Research Coding Guidelines

Use this reference when writing, reviewing, or refactoring code for thermal-fluid research, data analysis, plotting, simulation automation, CFD post-processing, machine learning, or reproducible research workflows.

Core Principle

Write research code so that another researcher can understand what physical question is being answered, reproduce the result, and safely modify the analysis later.

Research code should be:

Traceable from raw data to final figure or metric.
Explicit about units, assumptions, constants, and data sources.
Modular enough to reuse on multiple cases without copy-paste editing.
Simple enough that the analysis logic remains inspectable.
Reproducible through documented inputs, parameters, environment, and outputs.

Start From The Research Question

Before writing code, define:

What physical quantity, trend, metric, or figure the code must produce.
What raw inputs are required.
What assumptions and constants are used.
What units are expected at each stage.
What validation or sanity check should pass.

Avoid writing a large generic pipeline before validating the analysis on a baseline case.

Baseline-First Implementation

Implement the full workflow on one representative baseline case before scaling to many cases.

For the baseline case, show:

Raw input inspection.
Preprocessing steps.
Intermediate quantities.
Final figure or metric.
Sanity checks and likely failure modes.

After the baseline case works, generalize the code to batches, parameter studies, or automated reports.

Repository And File Organization

Prefer a clear project structure:

project/
  README.md
  data/
    raw/
    processed/
  scripts/
  src/
  notebooks/
  figures/
  results/
  config/
  tests/

Use data/raw/ as read-only input when possible.
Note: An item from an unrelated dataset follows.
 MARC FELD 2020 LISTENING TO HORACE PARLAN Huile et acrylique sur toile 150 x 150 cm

Write generated files to data/processed/, figures/, or results/.

Keep paths configurable. Avoid hard-coded absolute paths unless the script is explicitly personal or one-off.

Data Processing

Make each processing step explicit.

Load raw data without silently changing it.
Validate column names, units, shapes, time bases, and missing values.
Convert units near the data-loading boundary and document the conversion.
Keep filtering, smoothing, thresholding, interpolation, and fitting choices visible.
Save processed data with metadata describing the processing settings.
Do not overwrite raw data.

For time-series data, record sampling rate, synchronization, trigger times, time windows, filters, and event definitions.
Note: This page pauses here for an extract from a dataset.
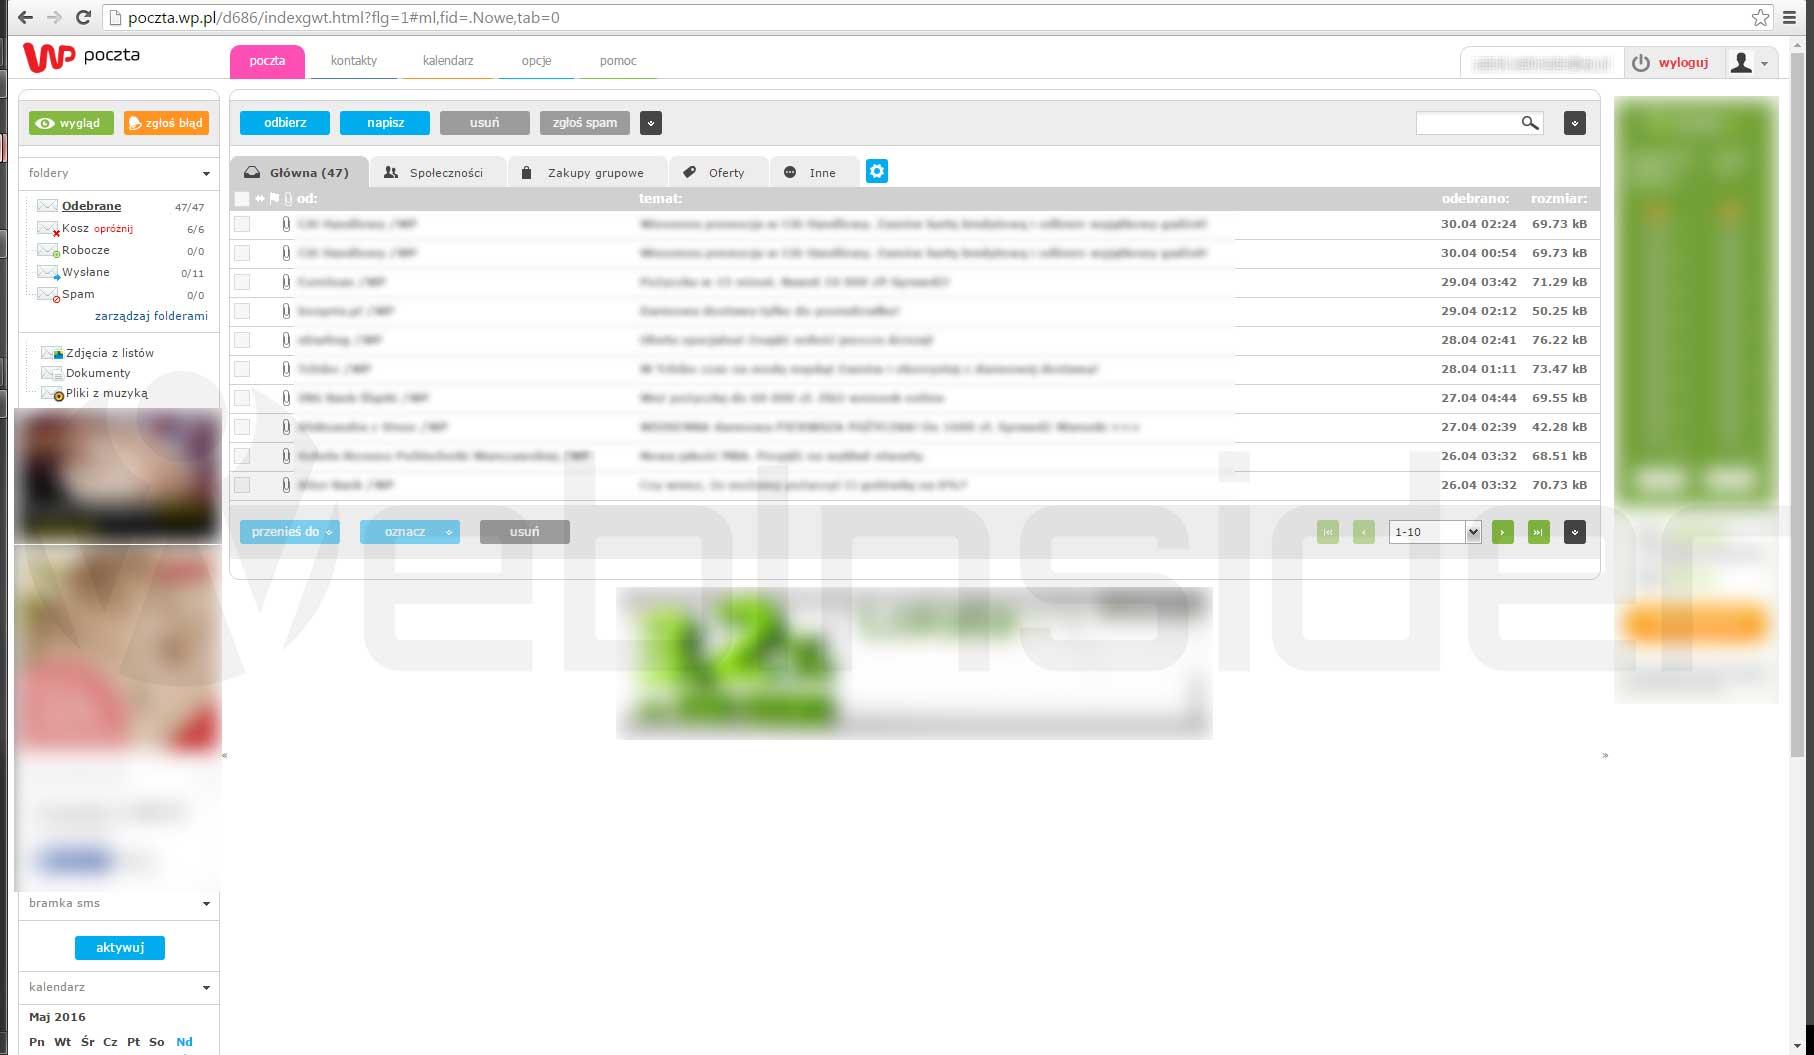 test_poczta-email_reklamy_201604_wp-pl

For image/video data, record frame rate, resolution, calibration, field of view, preprocessing, segmentation thresholds, labels, and tracking rules.

Plotting Code

Plots should communicate the mechanism or comparison.

Put plotting settings in reusable functions when many figures share style.
Label axes with variable names and units.
Use legends, colors, markers, and line styles consistently across related figures.
Include uncertainty where available.
Export publication-quality figures with deterministic filenames.
Save both editable and presentation-ready formats when useful.
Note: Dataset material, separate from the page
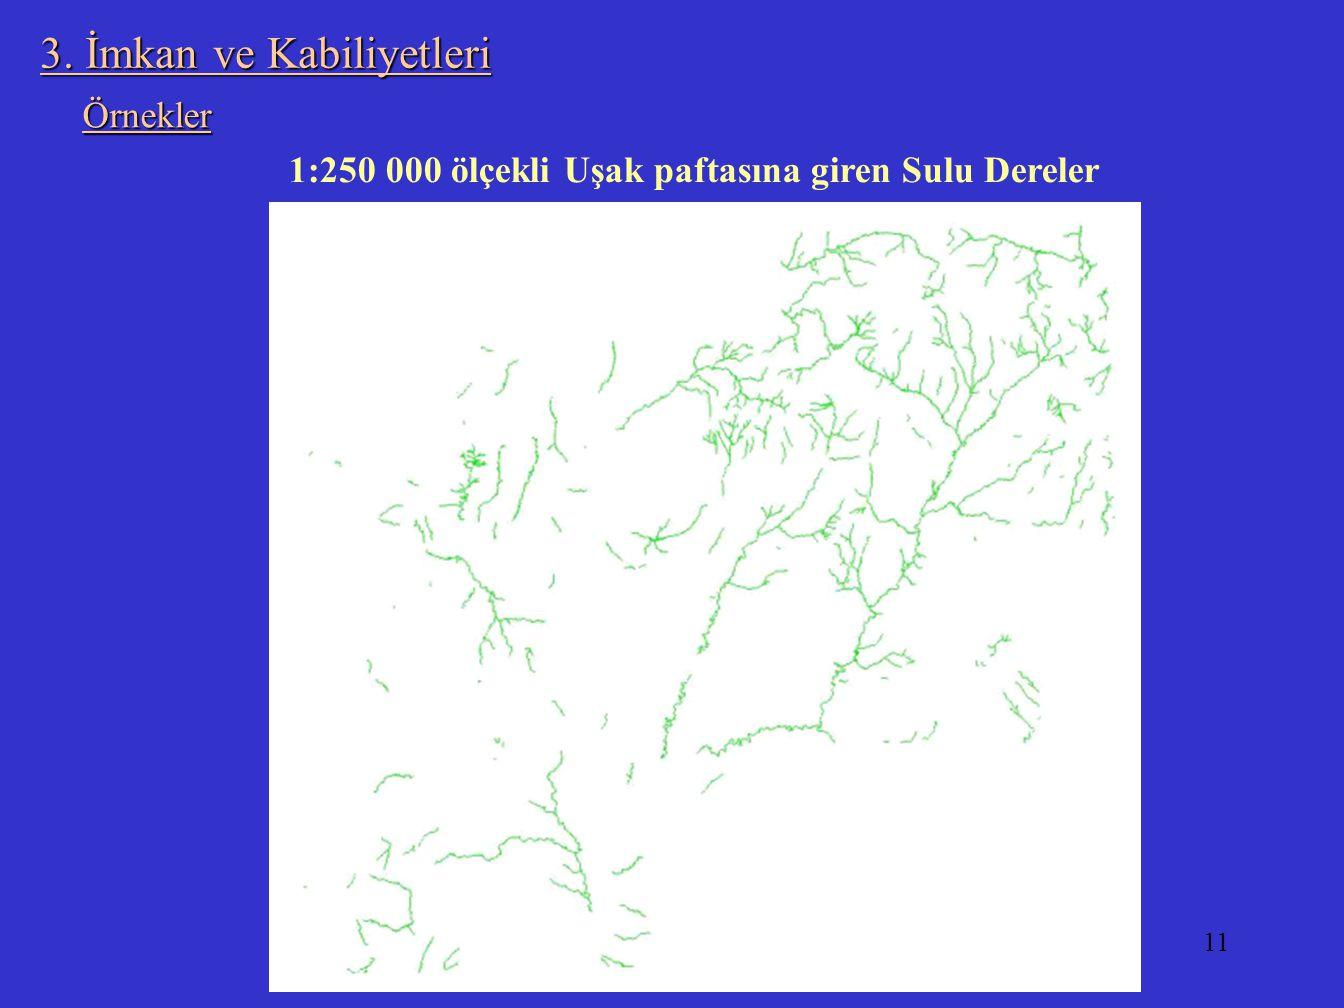 11 3. İmkan ve Kabiliyetleri 1:250.000 ölçekli Uşak paftasına giren Sulu Dereler Örnekler

Separate the calculation of plotted data from the formatting of the figure. This makes the analysis easier to verify.

Functions And Scripts

Use functions for repeated research logic:

property calculations
dimensionless numbers
heat-transfer correlations
uncertainty propagation
data loading and cleaning
feature extraction
plotting common figure types

A script should have a clear entry point, explicit inputs, and predictable outputs.

For Python scripts, prefer:

def main():
    ...

if __name__ == "__main__":
    main()

Notebooks

Use notebooks for exploration, explanation, and interactive analysis.

For final or repeatable workflows:

Move reusable functions into scripts or src/.
Restart and run the notebook from top to bottom before sharing.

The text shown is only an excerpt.